┌─ Given data

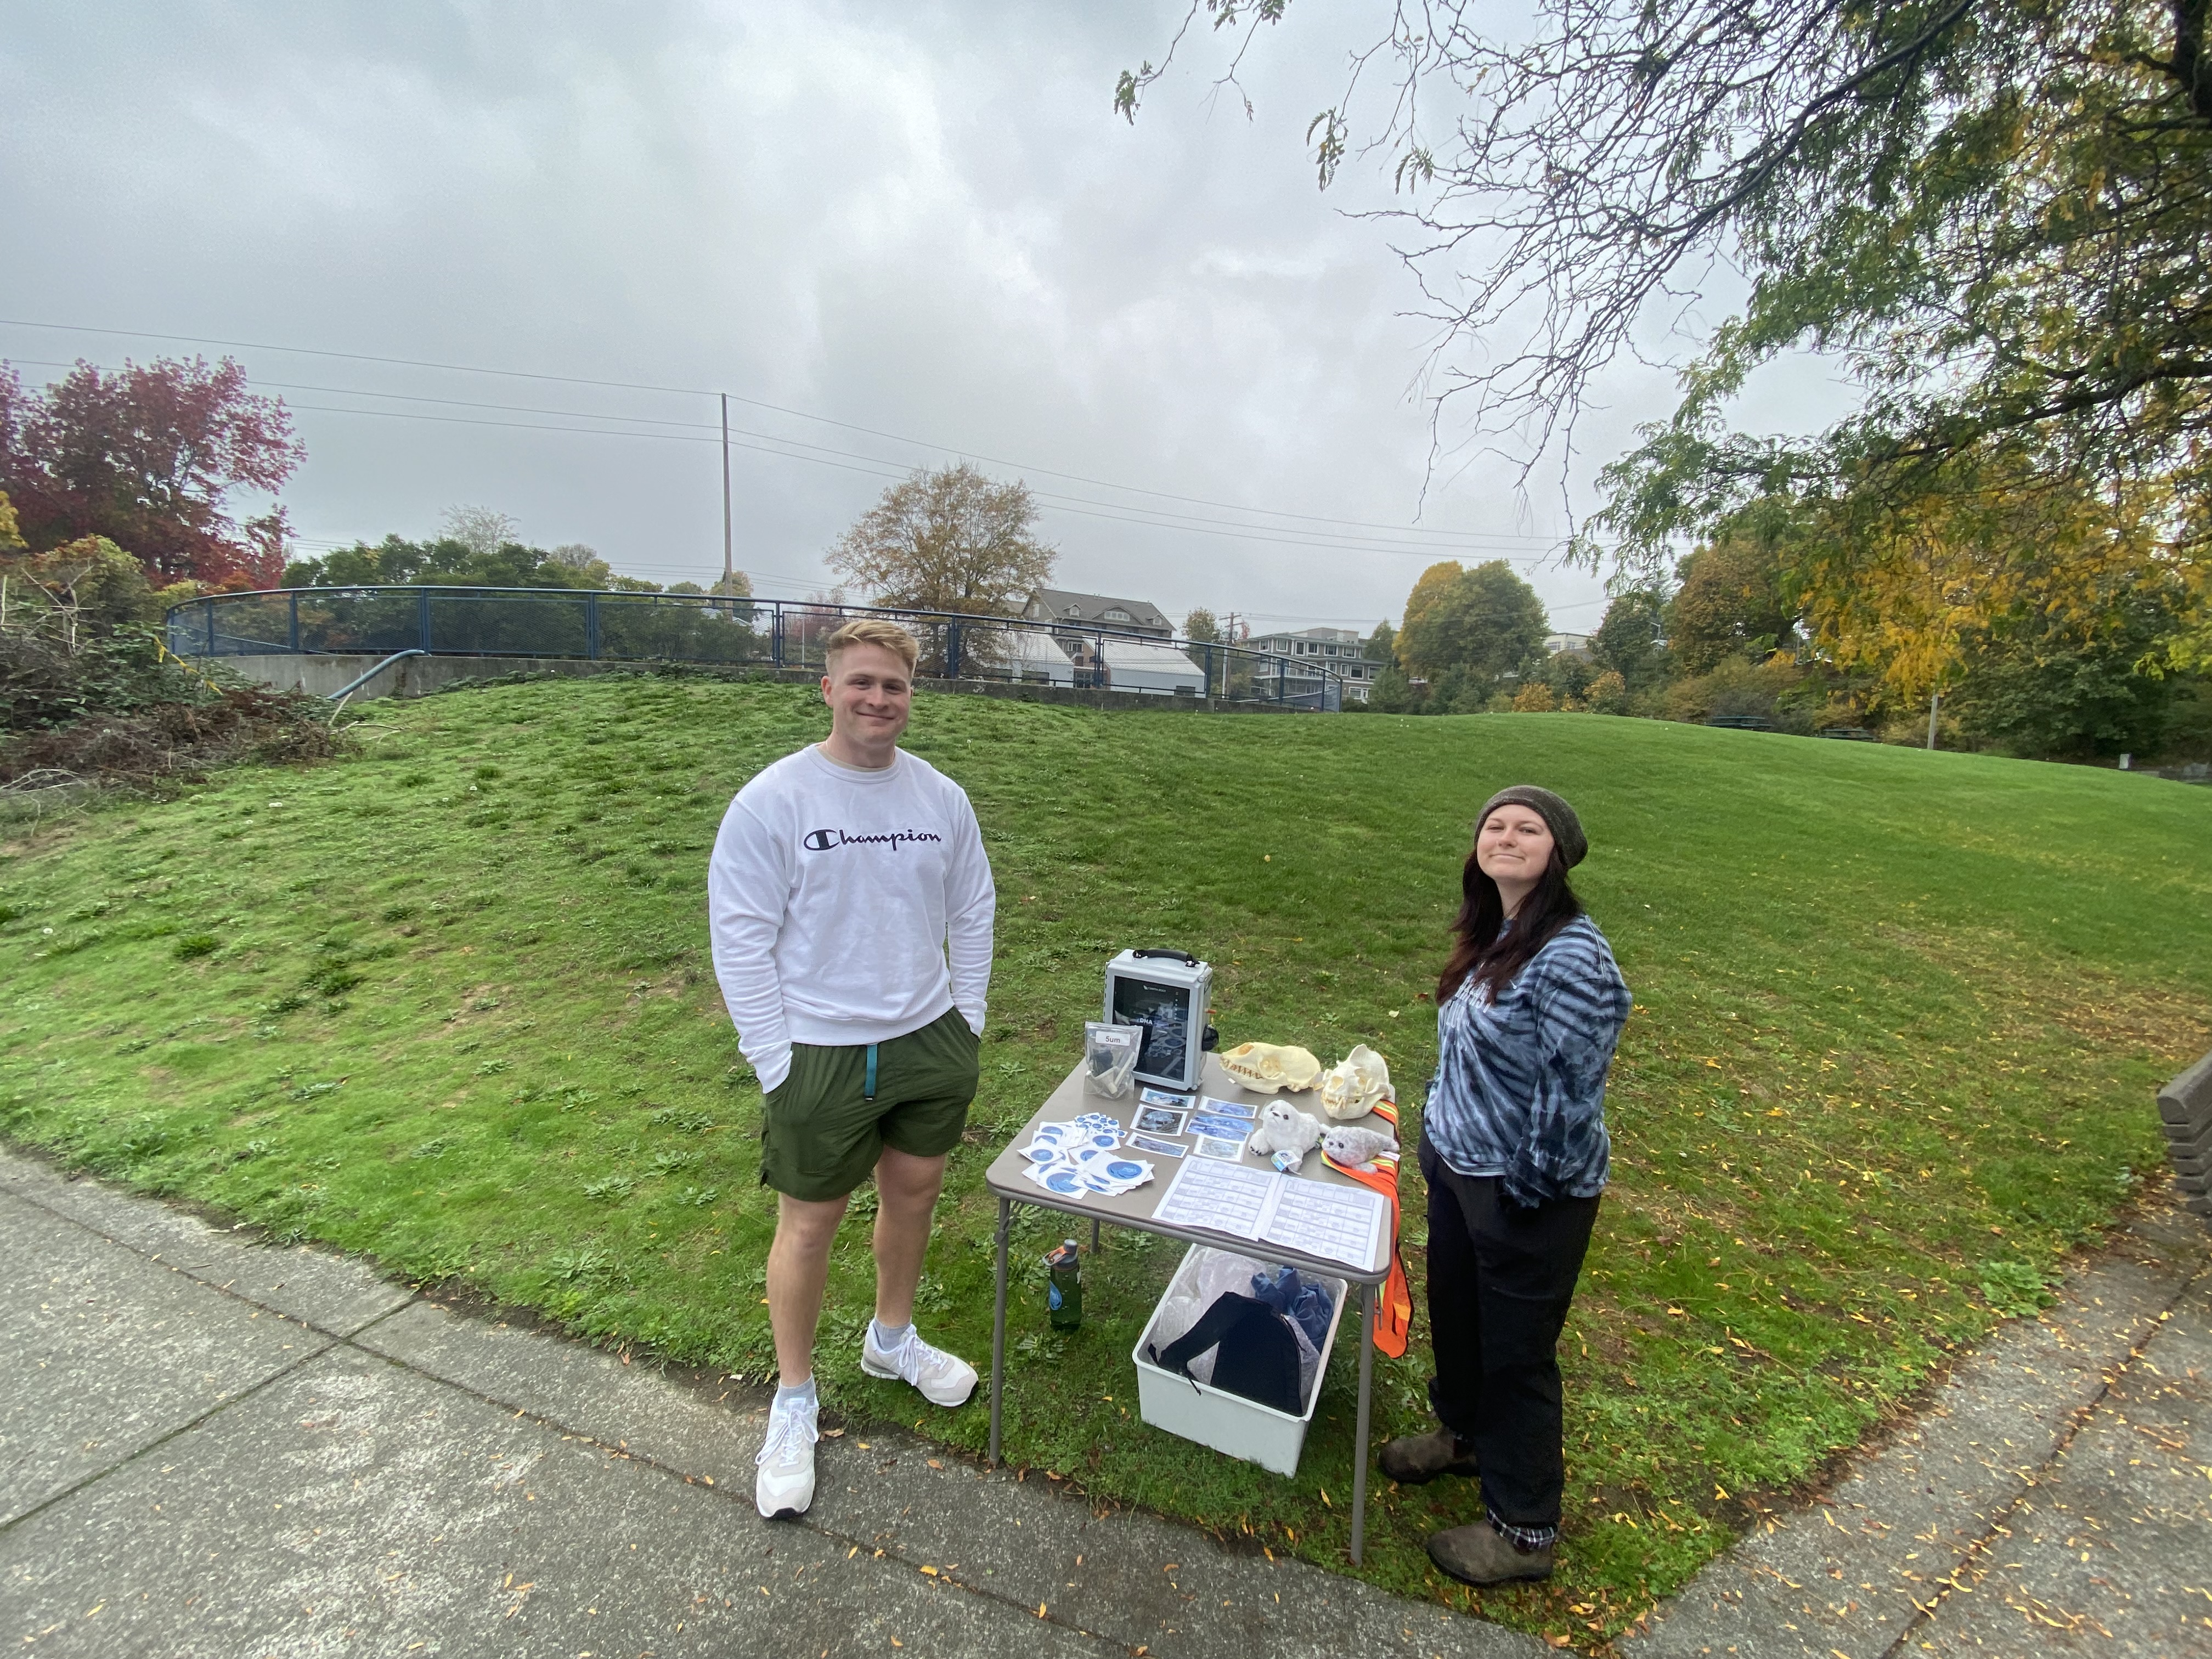 Two students stand on the edge of the sidewalk by a grassy field. The table between them has informational pamphlets.
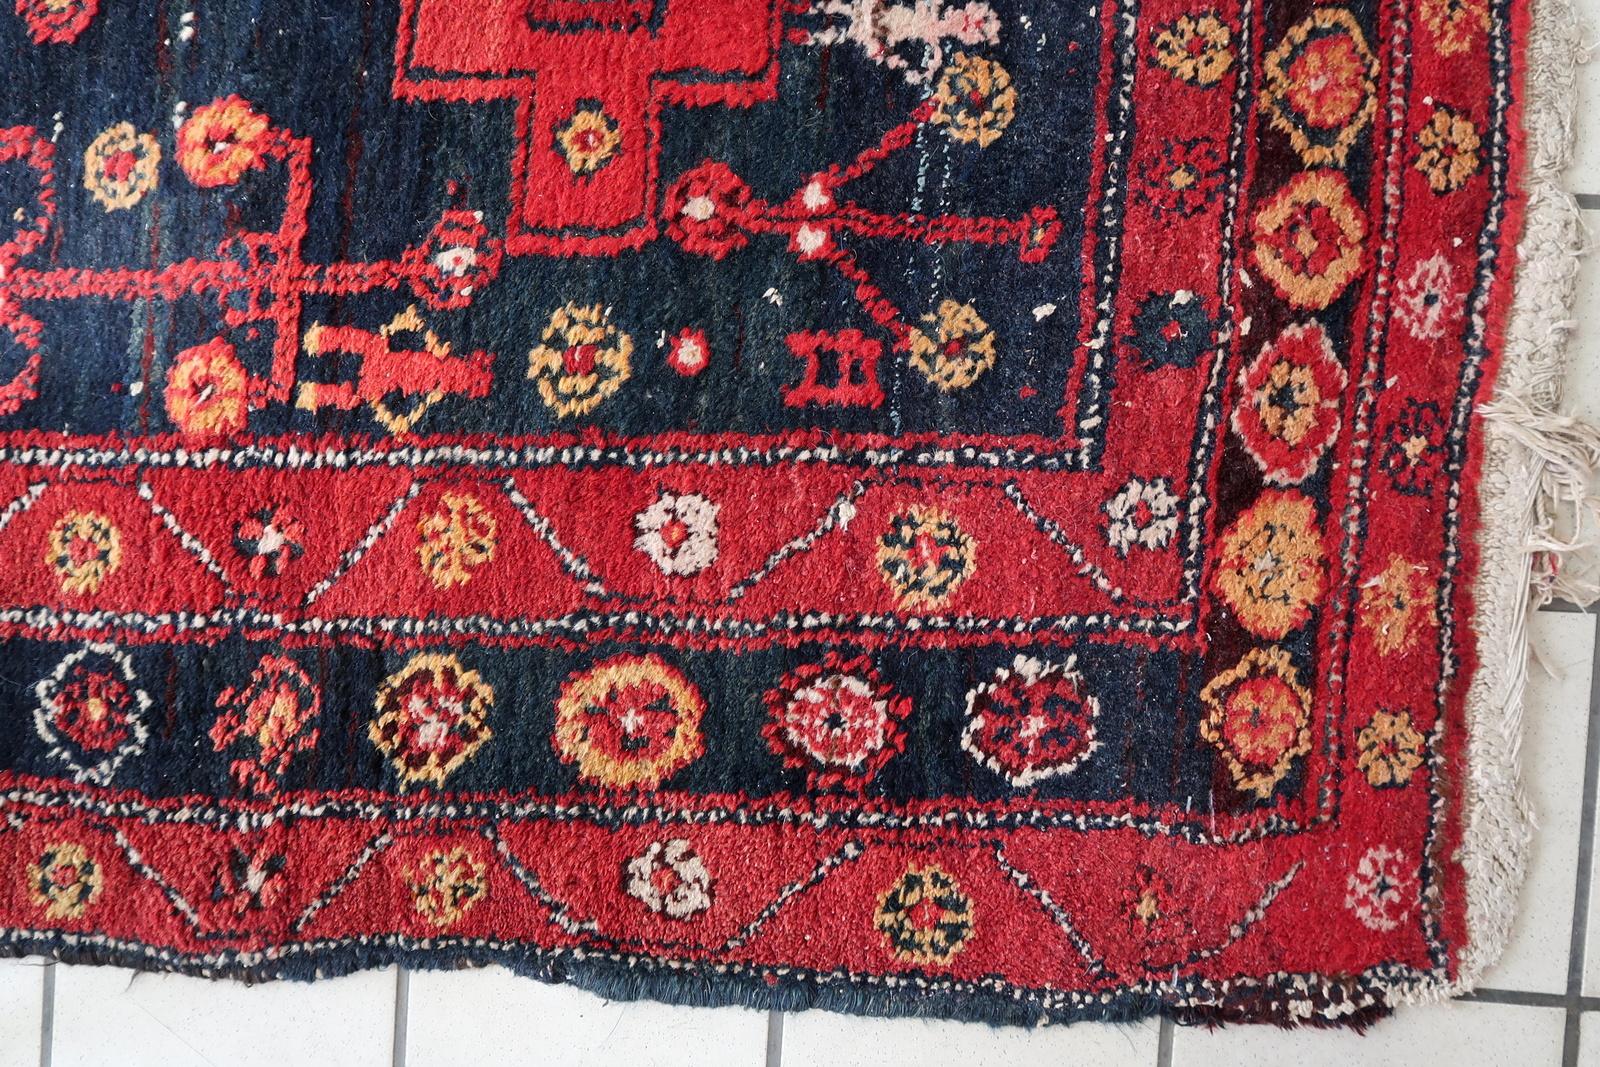 A Glimpse into History with our Antique Persian Hamadan Rug

Transport your living space to a bygone era with our Handmade Antique Persian Hamadan Rug, a true testament to the artistry of the 1930s. Measuring 4.6' x 6.7' (142cm x 205cm), this

└─

> _Prompt_:
Print each line of the material above exactly, with the pictures removed from your copy.

> _Result of this exercise_:
 Two students stand on the edge of the sidewalk by a grassy field. The table between them has informational pamphlets.
 A Glimpse into History with our Antique Persian Hamadan Rug

Transport your living space to a bygone era with our Handmade Antique Persian Hamadan Rug, a true testament to the artistry of the 1930s. Measuring 4.6' x 6.7' (142cm x 205cm), this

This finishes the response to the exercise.